Tuesday 13 December 2011

And today at CERN . . .


. . . absolutely no work got done. Instead, everyone flooded the main auditorium early in the morning. It was full by 11:30 a.m. There were people sitting in the aisles. No one could connect to the internet because the wireless routers were flooded. Security prevented anyone else from entering after noon if they hadn't already found a seat.

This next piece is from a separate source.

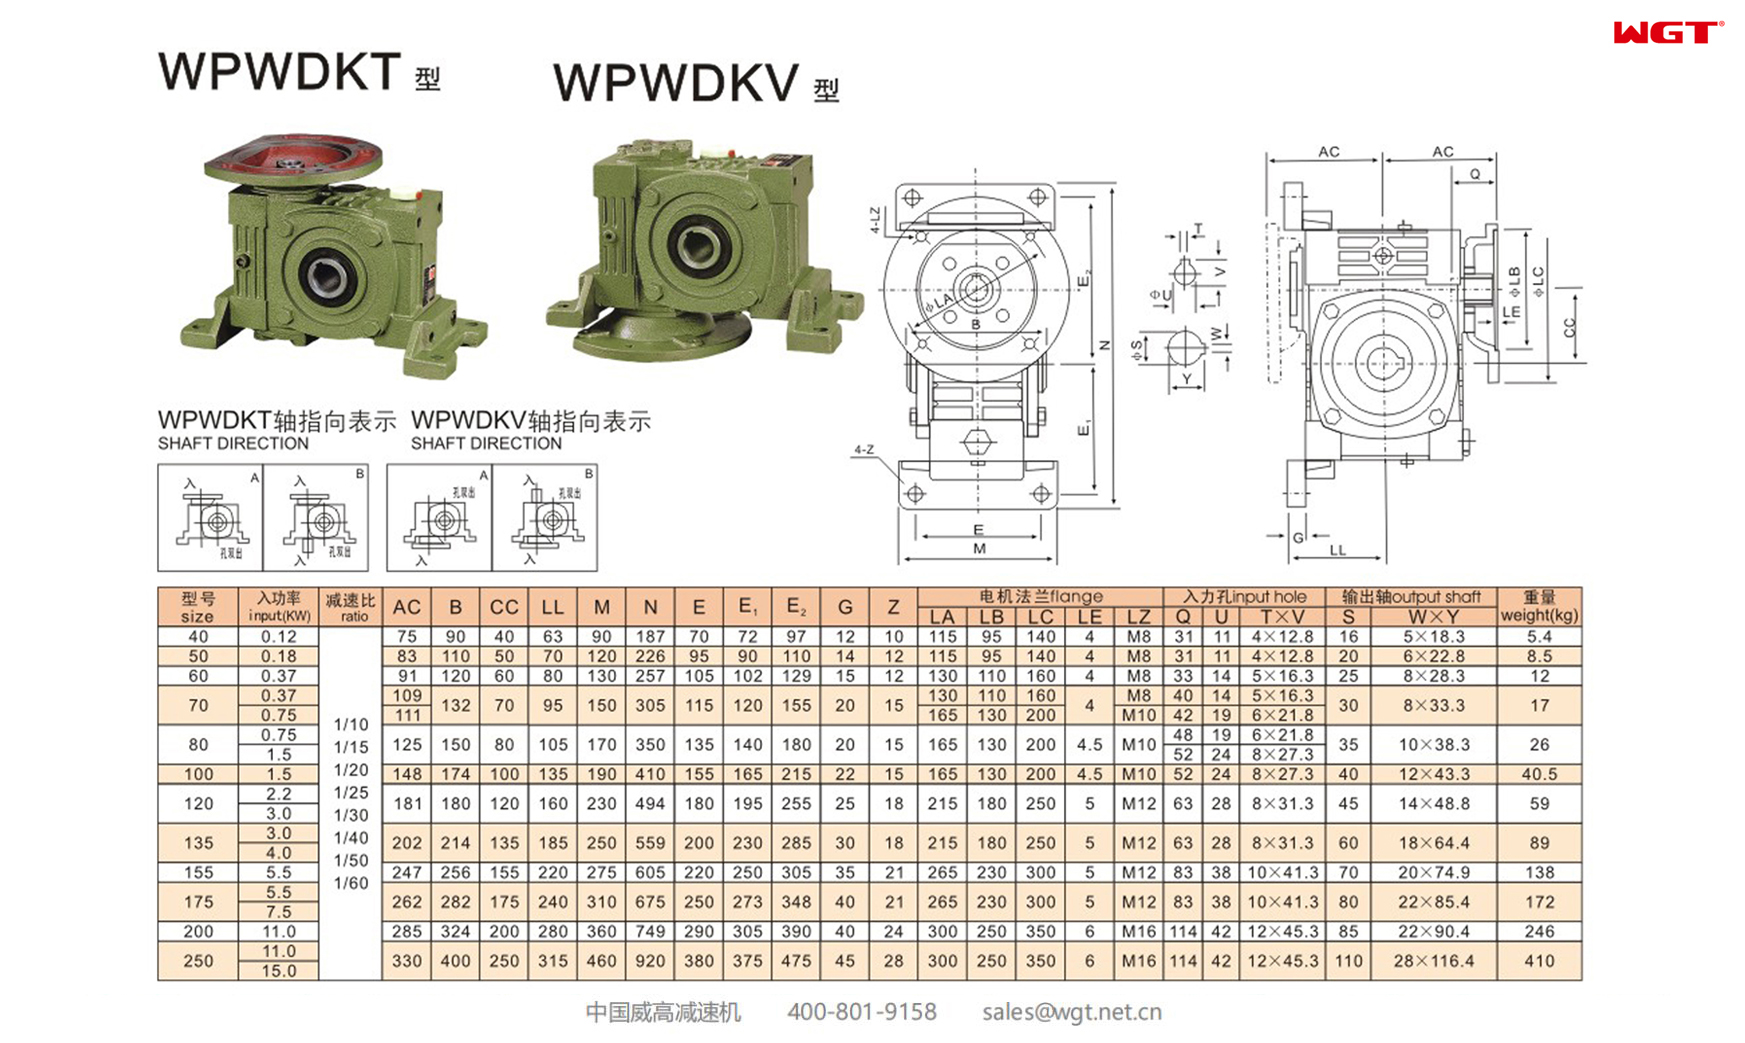 WPWDKT WPWDKV200 蜗轮减速机 万向减速机

The reason for the fuss was at 2:00 p.m., when the spokespeople for ATLAS and CMS (in that order) presented the status of their Higgs boson searches with the jaw-dropping amount of data they each collected this year. Details can be found here: http://public.web.cern.ch/public/

Details can probably also be found on innumerable news and science websites. But I would suggest starting with what CERN had to say on the matter. After all, since scientists at CERN are studying the particle, shouldn't they know best what they've found out?

Wednesday 7 December 2011

Change is in the Air

picture from science.nature.nps.gov

Today, the LHC ended the last of its heavy ions runs. Data-taking for 2011 is over, with over 5 inverse femtobarns of data delivered to each of the multipurpose experiments. The technical shut-down has begun.

CERN won't shut down of course, not for a while yet. Analyzing all that data is going at a fever-pitch, and with the end of beams in the accelerator tunnel the accelerator and experiments will be swarmed by engineers and technicians making repairs. But things are changing.

My little corner of this great enterprise is changing, too. As I'm planning on graduating next summer, my time at CERN now has an end date. I will return to the US early next year.

Boy oh boy, do I have a lot to get done.